Weekly Foreign Exchange Insights: April 24th

April 24, 2009

Currency market momentum continues to revolve around risk aversion.  To remain well-bid, the dollar needs risk averse investors more than it needs evidence that the United States is coming out of the global recession sooner and more quickly than other regions.  When all is said and done, business cycles are likely to be more closely synchronized than anticipated on the way out of recession just as they moved in surprising tandem during it.  The primary factor behind surprising dollar strength over the past year was the premium investors put on securing a return of their money, rather than a return on their wealth. 

Equities remain a ready gauge for the ebb and flow in risk aversion.  And the key to equities seems to rest with the performance of financial shares.  Their outlook remains highly uncertain.  The publication of stress test results on May 4th will be critical, but leaks of those figures, both genuine and fake, are likely to surface next week.  Pranksters will be more likely to spread rumors accentuating the insolvency of banks.  Regardless of what the U.S. government chooses to report, many respected economists and market analysts will continue to suspect sugar-coating and hold the view than anything short of widespread nationalization is doomed to fail in the mission of restoring a trustworthy and functional financial system.  A near-term rout of the dollar seems unlikely because of such lingering concerns.
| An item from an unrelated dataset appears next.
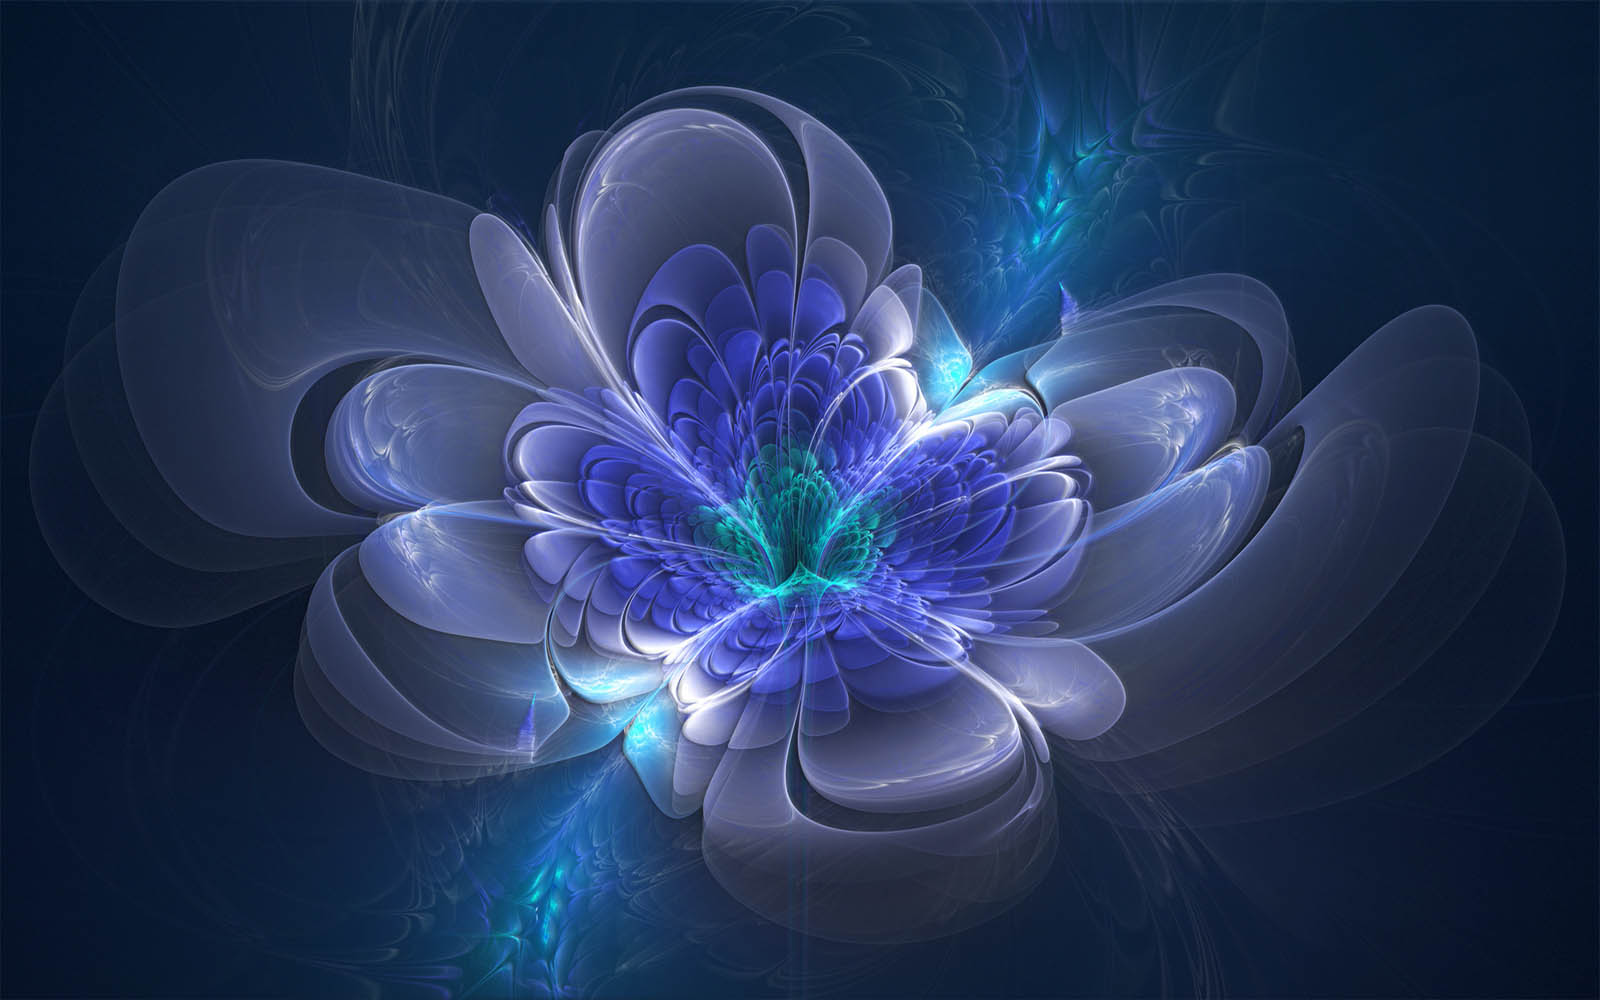 http://3.bp.blogspot.com/-zdYkQSbwuE0/UQZ2MhpH2AI/AAAAAAAARt0/tAMu-AALTVA/s1600/Blue+3D+Wallpapers+09.jpg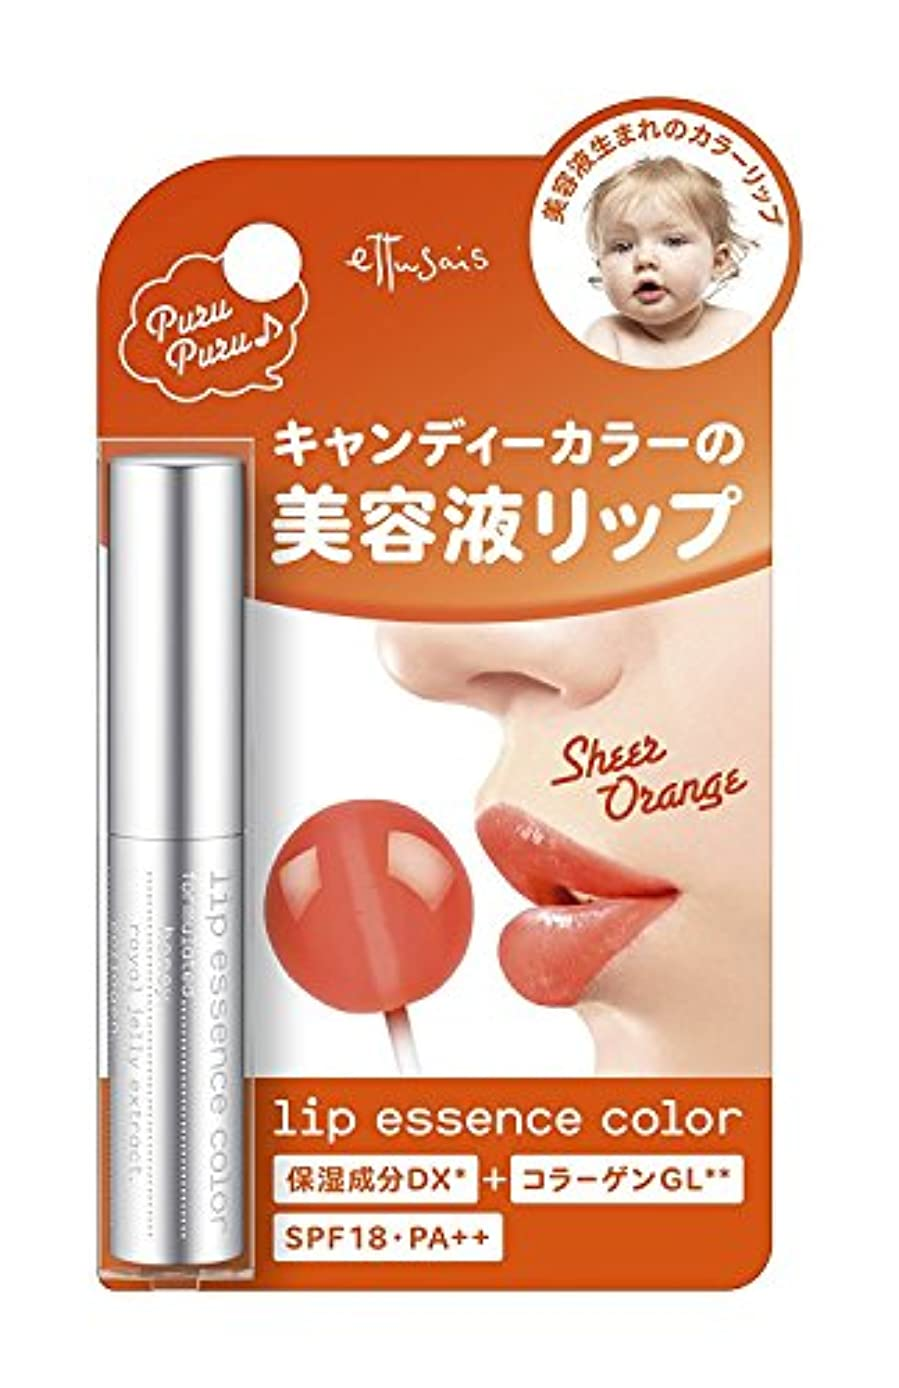 畝間省適格エテュセ リップエッセンスカラー OR(シアーアプリコット) 唇用美容液 SPF18?PA++ 2.2g

Nevertheless, the dollar has been looking more fragile.  President Obama’s domestic economic agenda has been labeled radical.  Investors are much more convinced that the deficit will soar above 10% of GDP in the near term than that in the president’s promise to rein it back in. Fiscal policy is more stimulative than in the early 1980’s and lacks the counter-weight of a tight monetary policy that promoted dollar appreciation then.  On the contrary, just as much nervousness is associated with a Fed exit strategy as surrounds medium-term fiscal prospects.  Now that European data, like U.S. data, suggest a less rapid decline of economic activity, the dollar is unlikely to test earlier 2009 highs without a significant new spike in risk aversion.  Significantly, the dollar at 15:00 GMT today was showing sizable weekly losses against all its traditional hard-currency rivals.  The greenback had dropped 2.3% against the Swiss franc, 1.8% against the yen, and 1.6% relative to the euro since the close on Friday, April 17th.

The loss against the yen in a week characterized by contained risk aversion deviates from recent patterns.  Because the yen financed carry trades, it had tended to be buoyed by bursts of risk aversion to an even greater extent than the dollar and had conversely been vulnerable whenever risk aversion waned.  Two possible reasons why this connection isn’t happening now may be that most carry trades are now unwound and the fact that dollar/yen seldom rises much in April. In any case, the yen remains 4% below the mid-point of its first-quarter trading range against the dollar.

Sterling has been the weakest major currency since the onset of the financial crisis in the summer of 2007. It has dropped some 26% since then against its trade-weighted index.  By comparison, the yen on such a basis has soared 32%, and the trade-weighted euro and dollar rose roughly by 6% and 7.5%.  Currency markets tend to overshoot, so the pound’s substantial drop thus far is no guarantee against further near-term depreciation.  Many depressants remain in place, such as runaway deficit spending, a combined budget and external deficit that surpasses 14% of GDP, substantial quantitative credit easing, annualized GDP contraction of some 6.6% over the last two quarters and 4.1% during the past year, soaring unemployment, mounting social discontent, and an unpopular government against which to vent.  All things considered, sterling earned a small victory by depreciating less than 1% against the dollar this past week.

The message from Swiss National Bank officials became less clear this week.  Their desires to forestall franc appreciation beyond 1.50 per Euro and to avoid excessive money growth could prove incompatible.  A test of that level looks more likely now than a week ago.  A pro-active currency policy oriented around promotion a direction tends to endure better than a strategy of defending a specific level.

Commodity-sensitive currencies remain very volatile.  High-low ranges in the first quarter exceeded 23% for the New Zealand kiwi and 16% in the Ozzie dollar’s case.  The ranges so far in April amount to some 9% in the kiwi’s case, nearly 7% for Australia’s dollar, and over 6.1% for the Canadian dollar.  The resilience of oil, up some 50% since February lows, in the face of the worst global growth in some 60 years is attracting increasing disbelief.  Gold is also looking pricier, but neither the Australian dollar nor the Australian currency have reacted sharply yet to this or to improved Chinese growth prospects.

The week ahead has several holidays: Australia is closed on Monday, Japan on Wednesday, and much of Asia, Europe, and Latin America on Friday.  Often, holiday interruptions translate into periods of mindless marking time.  But next week’s calendar is also loaded with central bank policy meetings including at the Fed and Bank of Japan, plus several key economic indicators will be released, including U.S. GDP, Japanese industrial production, and the Chinese and British PMI reports.  With gatherings today of the G7 and G20 kicking off the IMF meetings, the marketplace should probably be pretty lively.